## DESCRIPTION OF THE TASK
Everything from the line that contains "Susan Burton And" through the last line below should be transcribed exactly, except the pictures.

## DATA BELOW
---+---

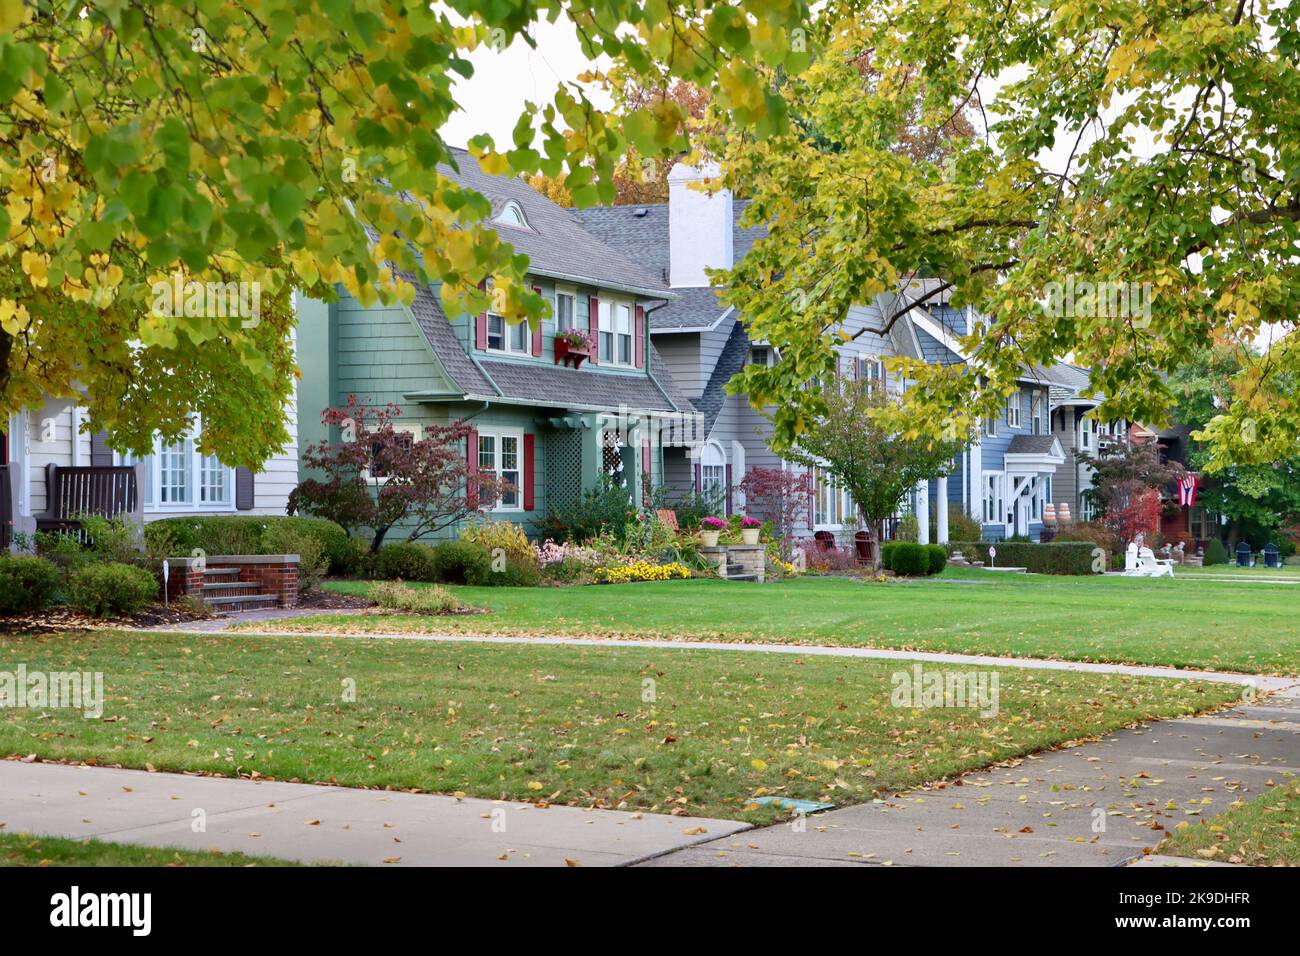 Homes and home ownership on residential street in Lakewood, Ohio Stock Photo
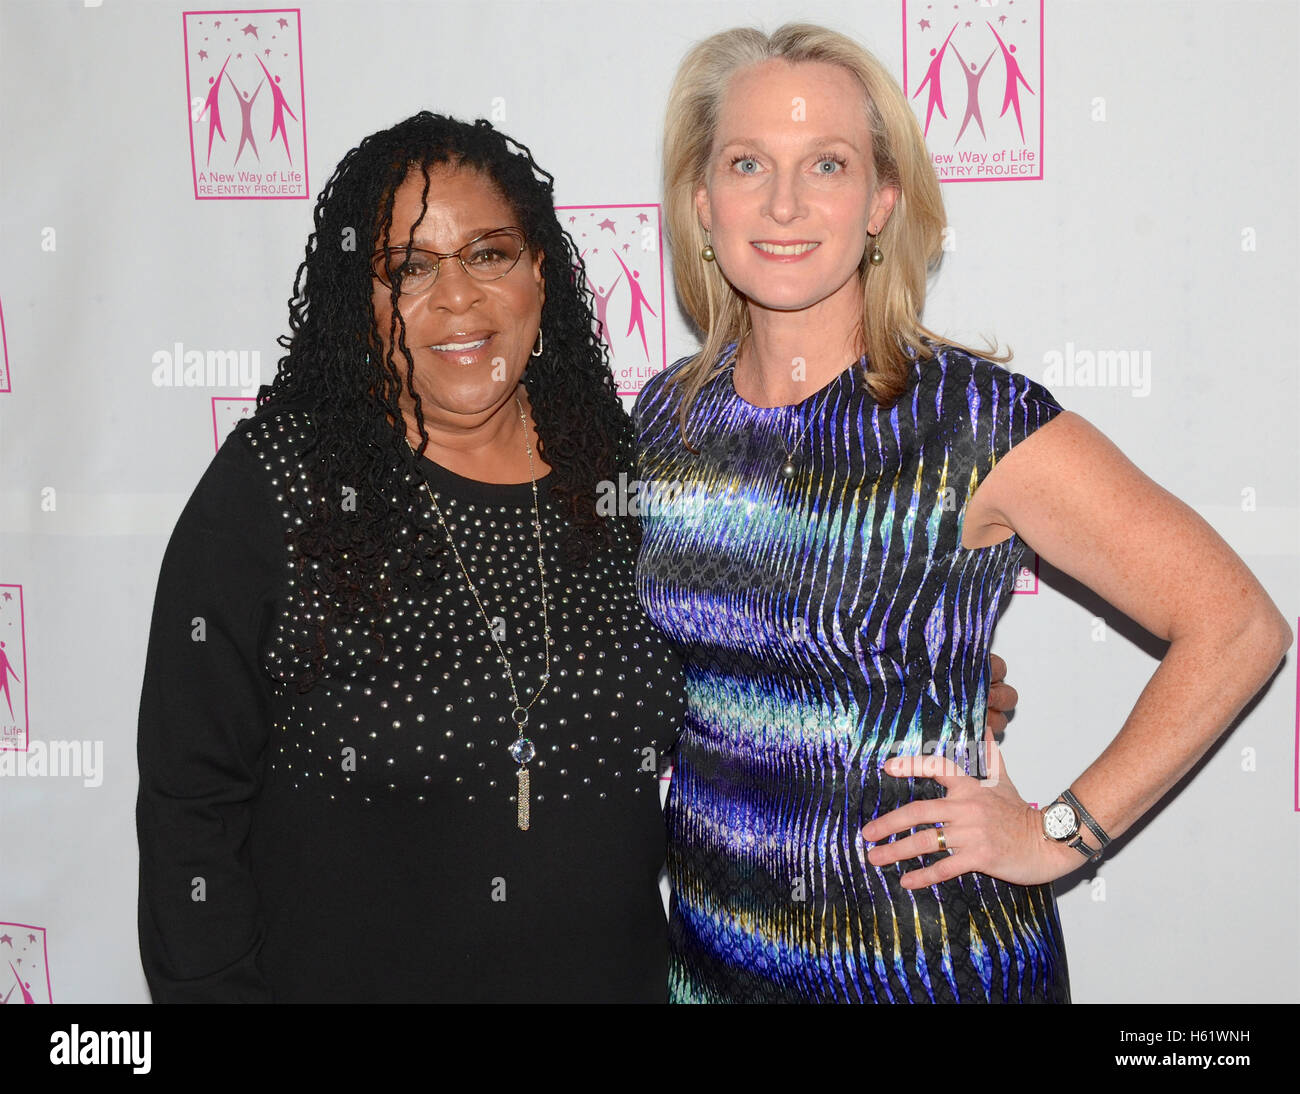 Susan Burton And Piper Kerman Attends Cnn Hero Susan Burton S A New Way Of Life Re Entry Project 17th Annual Red Carpet Awards Gala At The Omni Hotel In Los Angeles California On
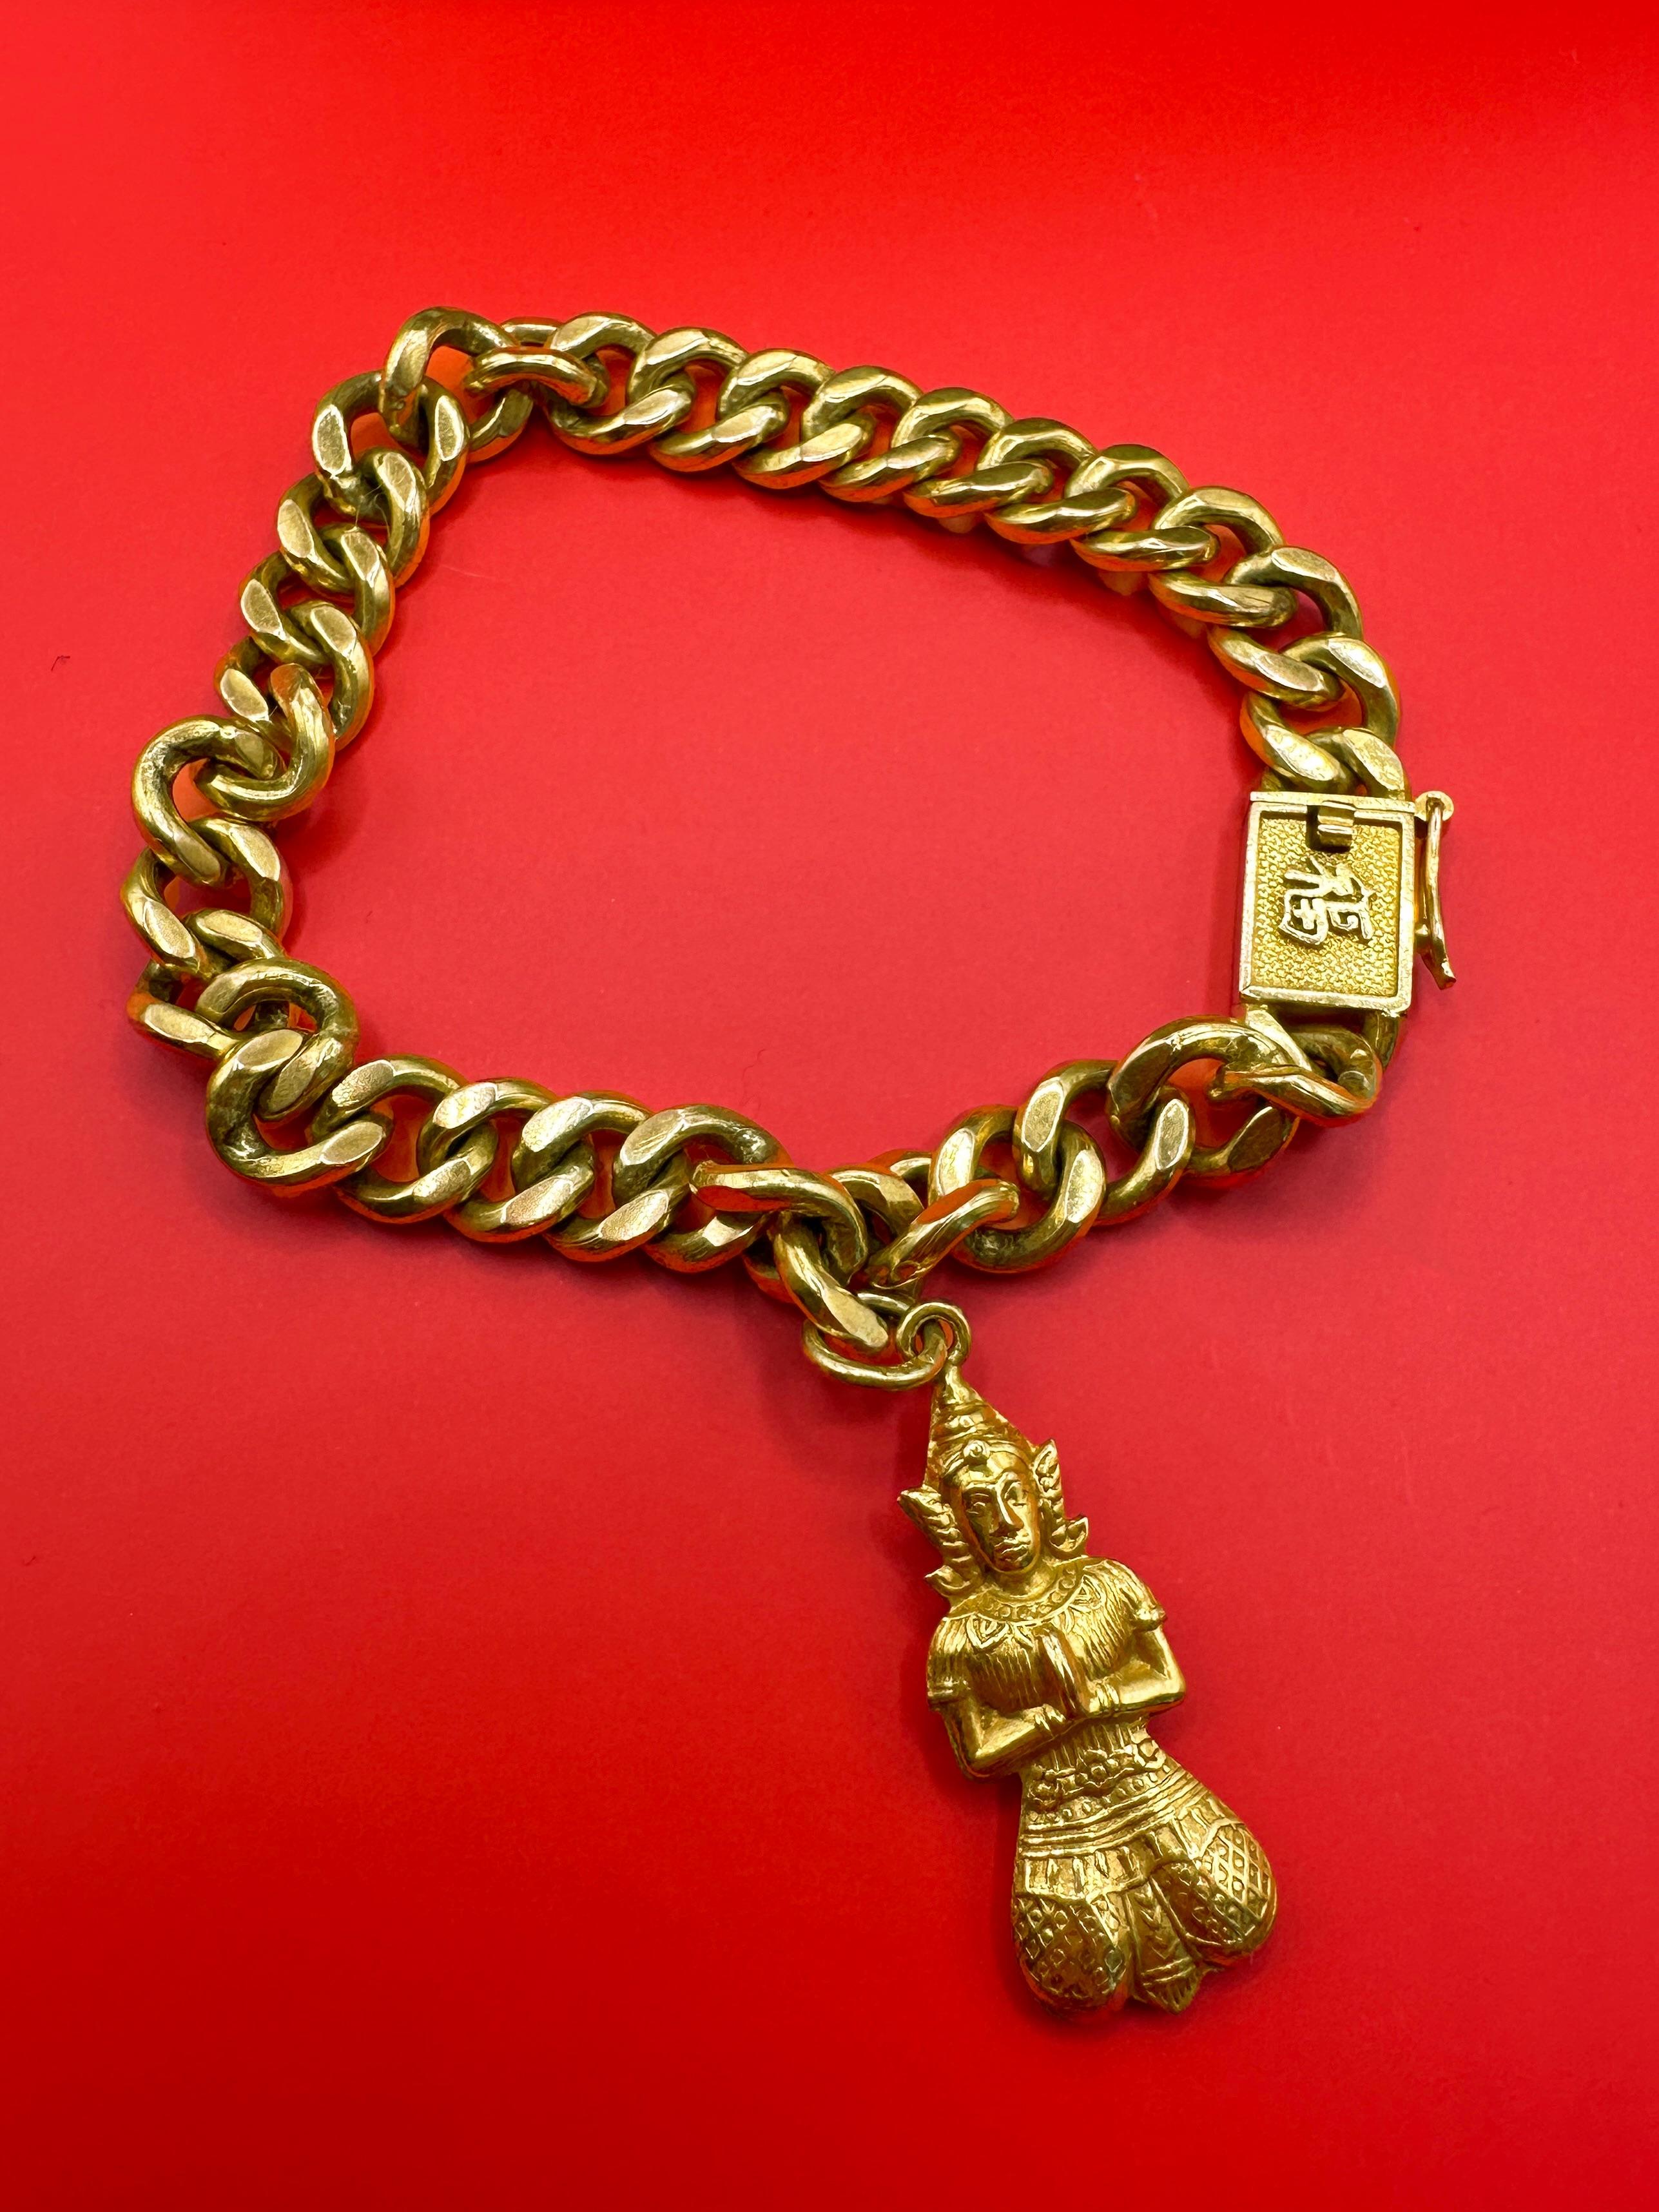 Manifest good fortune with this stunning 14k Good Fortune Bracelet featuring a Chinese character. Made of 14k yellow gold, this vintage piece is in great condition and weighs 28.3 grams. Embrace luck and style with this 7 inch beauty.

14k Good

---+---

## COMPLETED EXERCISE
 Susan Burton And Piper Kerman Attends Cnn Hero Susan Burton S A New Way Of Life Re Entry Project 17th Annual Red Carpet Awards Gala At The Omni Hotel In Los Angeles California On
 Manifest good fortune with this stunning 14k Good Fortune Bracelet featuring a Chinese character. Made of 14k yellow gold, this vintage piece is in great condition and weighs 28.3 grams. Embrace luck and style with this 7 inch beauty.

14k Good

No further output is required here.